Monday, September 20, 2010

0.6.12 adds some documentation, fixes minor issues

ID Type Status Priority Summary AllLabels
29 Defect Fixed Medium vhl summary reports wrong number of rows diff'd Type-Defect, Priority-Medium, OpSys-All
30 Defect Fixed Critical TestCase 23 fails on linux Type-Defect, Priority-Critical, OpSys-All
31 Enhancement Fixed High create README file Type-Enhancement, Priority-High, OpSys-All
32 Enhancement Fixed High create QuickStart document Type-Enhancement, Priority-High, OpSys-All
34 Defect Duplicate Medium create User Guide Type-Defect, Priority-Medium
35 Enhancement Fixed High create faq Type-Enhancement, Priority-High, OpSys-All

Thursday, September 16, 2010

TextDiffor in 0.6.11

0.6.11 introduces the TextDiffor, which is useful for diff'ng chunks of text that might have small formatting differences that you would like to ignore. A good example of this is programming language code. For instance, I was recently trying to diff SQL schemas (DDL) using meta data tables. A troublesome schema object to diff was the TEXT definition of stored procedures. One side looked like this:

 DECLARE  
  number1 NUMBER(2);  
  number2 NUMBER(2)  := 17;       -- value default   
  text1  VARCHAR2(12) := 'Hello world';  
  text2  DATE     := SYSDATE;    -- current date and time  
 BEGIN  
  SELECT street_number  
   INTO number1  
   FROM address  
   WHERE name = 'INU';  
 END;  

while the other side looked like this:

 DECLARE  
  number1  NUMBER(2);  
  number2  NUMBER(2)  := 17;       -- value default   
  text1    VARCHAR2(12) := 'Hello world';  
  text2    DATE     := SYSDATE;    -- current date and time  
 BEGIN  
  SELECT street_number  INTO number1 FROM address WHERE name = 'INU';  
 END;  

Note that the lines of the text1 and text2 variable declarations have small alignment differences between the two sides, and that the SQL SELECT statement is multiline in the first case, but only 1 line in the second case. These two snippets are identical PL SQL programmings (produce the same AST), but are different textually.
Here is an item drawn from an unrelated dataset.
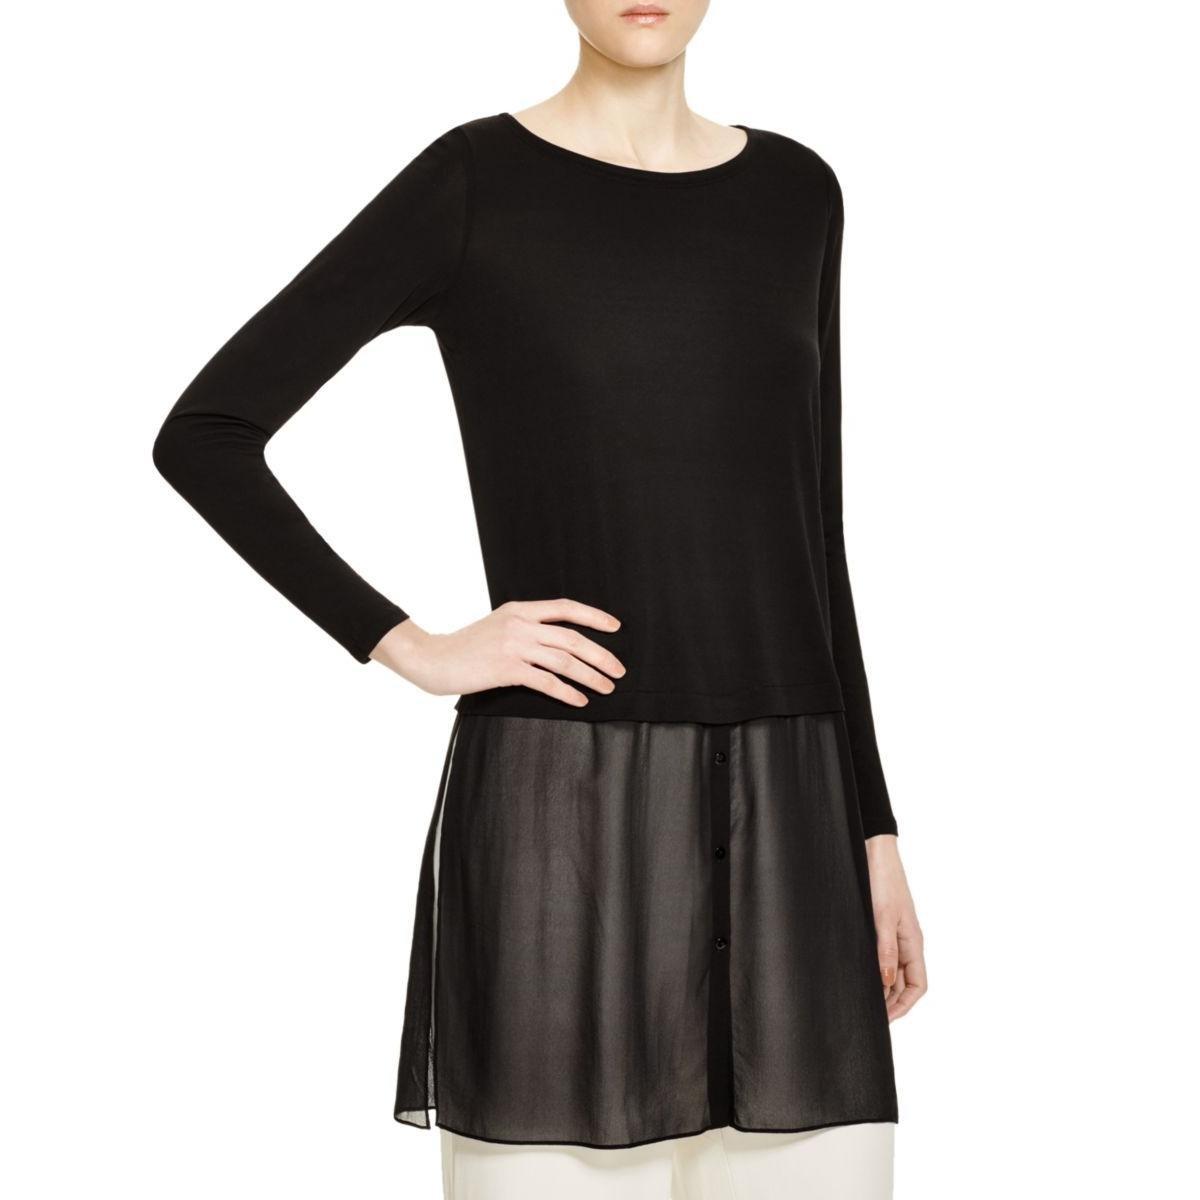 Eileen Fisher Womens Chiffon Hem Bateau Neck Pullover Top Black S
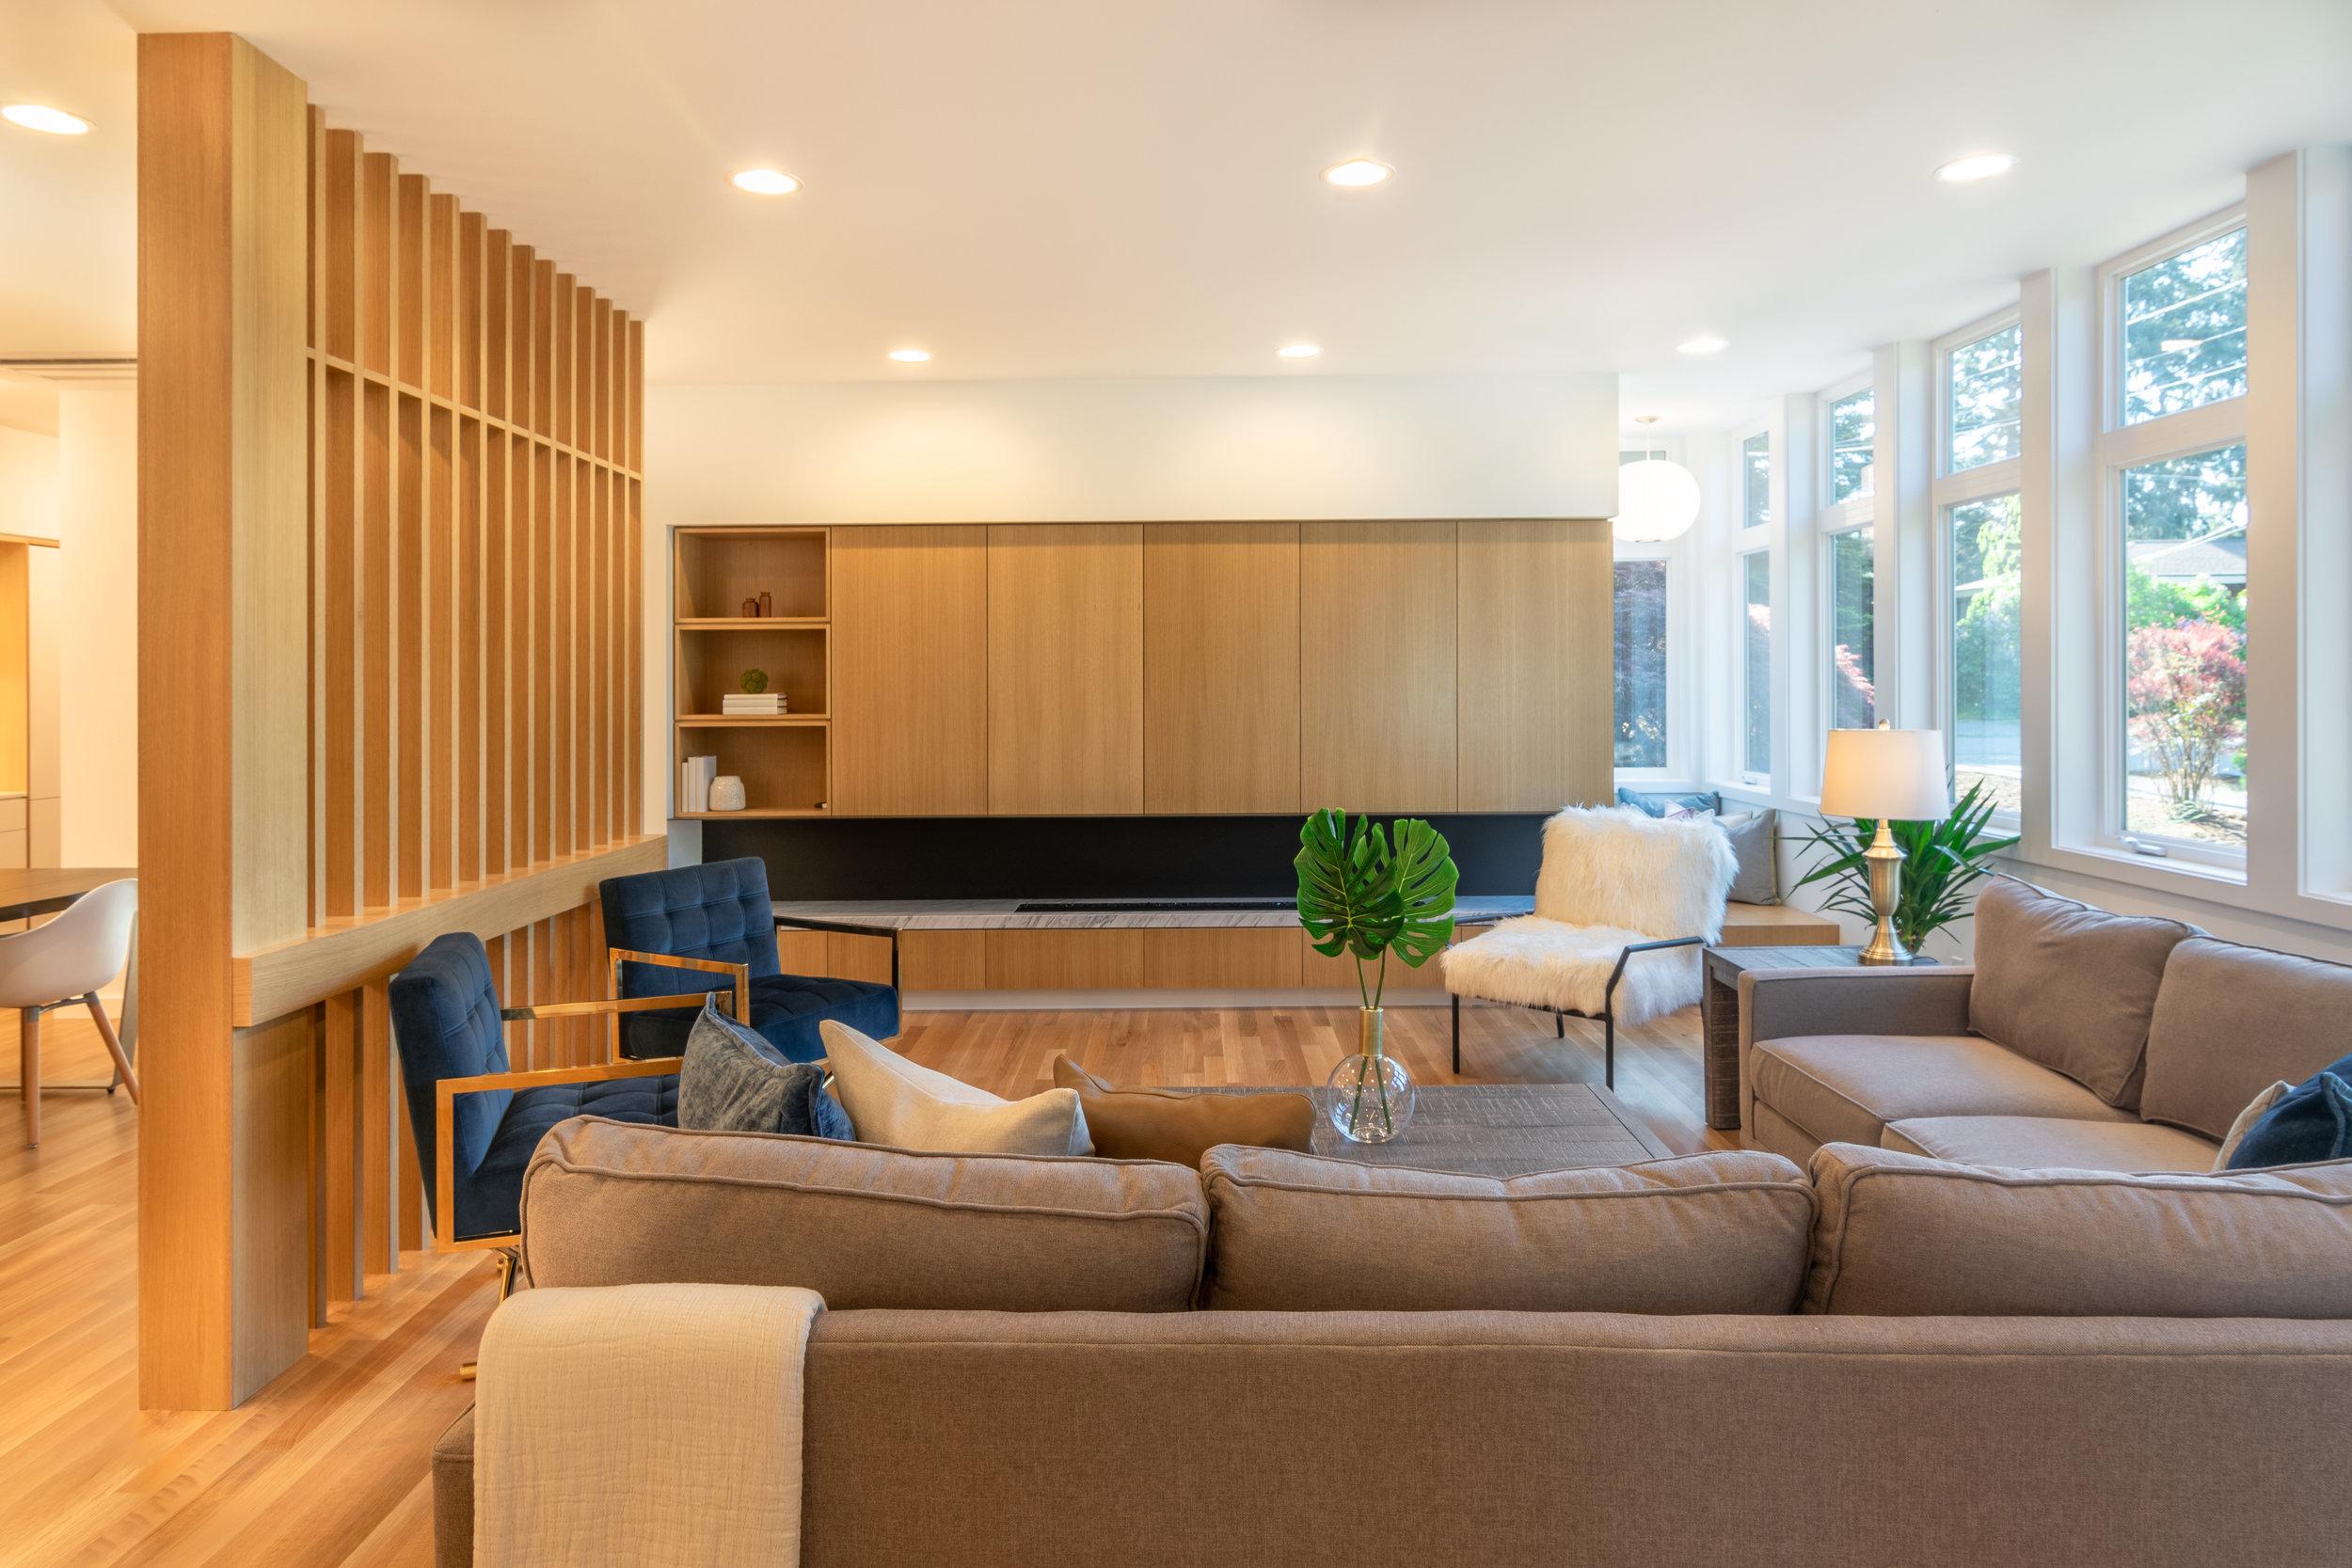 Ravenna Garden House Living Room and Reading Nook

The TextDiffor will, by default, see these two snippets as identical. It uses a very simple text normalization before performing the String comparison.

1) replace all tabs and newlines ([\t\r\n]) with a single space character
2) compress all multi-character whitespace runs to a single space character
3) trim all whitespace from both ends

Saturday, September 11, 2010

Results summarization from MagicPlan

Release 0.6.10 introduces a new, optional, capacity to the MagicPlan. Previously, the file (report) produced by the MagicPlan only displayed individually itemized diffs. That is, each diff appeared, only once, in the output as a detailed description of just that discrete diff. 0.6.10 allows you to instruct the MagicPlan to produce aggregate level summary information as well as the detailed individual diffs.

If you include this:
           <property name="withSummary" value="TRUE" />  
as a property of the MagicPlan, the output file will have a header that looks like this:
 --- vhl summary ---  
 diff'd 8 rows in 0:00:38.011, found:  
 !4 row diffs  
 @7 column diffs  
 -------------------  
 --- row diff summary ---  
 1 row diffs <  
 3 row diffs >  
 ------------------------  
 --- column diff summary ---  
 columns having diffs->(column3, column4, column2)  
 column3 has 4 diffs  
 column4 has 2 diffs  
 column2 has 1 diffs  
 ---------------------------  
 --- column diffs clustered ---  
 columnClusters having diffs->(column3, column2.column3.column4, column3.column4)  
 column3 has 2 diffs  
 column2.column3.column4 has 1 diffs  
 column3.column4 has 1 diffs  
 ---------------------------  

Above is the output from TestCase 23, which provides functional test coverage for the results summarization feature. The input data that produced this report:
lhs:                                      rhs:
column1,column2,column3,column4           column1,column2,column3,column4
----------------------------              1,      0000,   x,      aaaa
2,      1111,   x,      aaaa              ----------------------------
3,      2222,   y,      aaaa              3,      2222,   x,      aaaa
4,      0000,   z,      bbbb              4,      3333,   x,      aaaa
5,      4444,   z,      bbbb              5,      4444,   x,      aaaa
6,      5555,   u,      aaaa              6,      5555,   x,      aaaa
7,      0000,   v,      aaaa              ----------------------------
8,      1111,   x,      aaaa              ----------------------------
Note well that the primary key on both the lhs and rhs tables is column1. So DK will use column1 as the diff'ng key, to align the rows.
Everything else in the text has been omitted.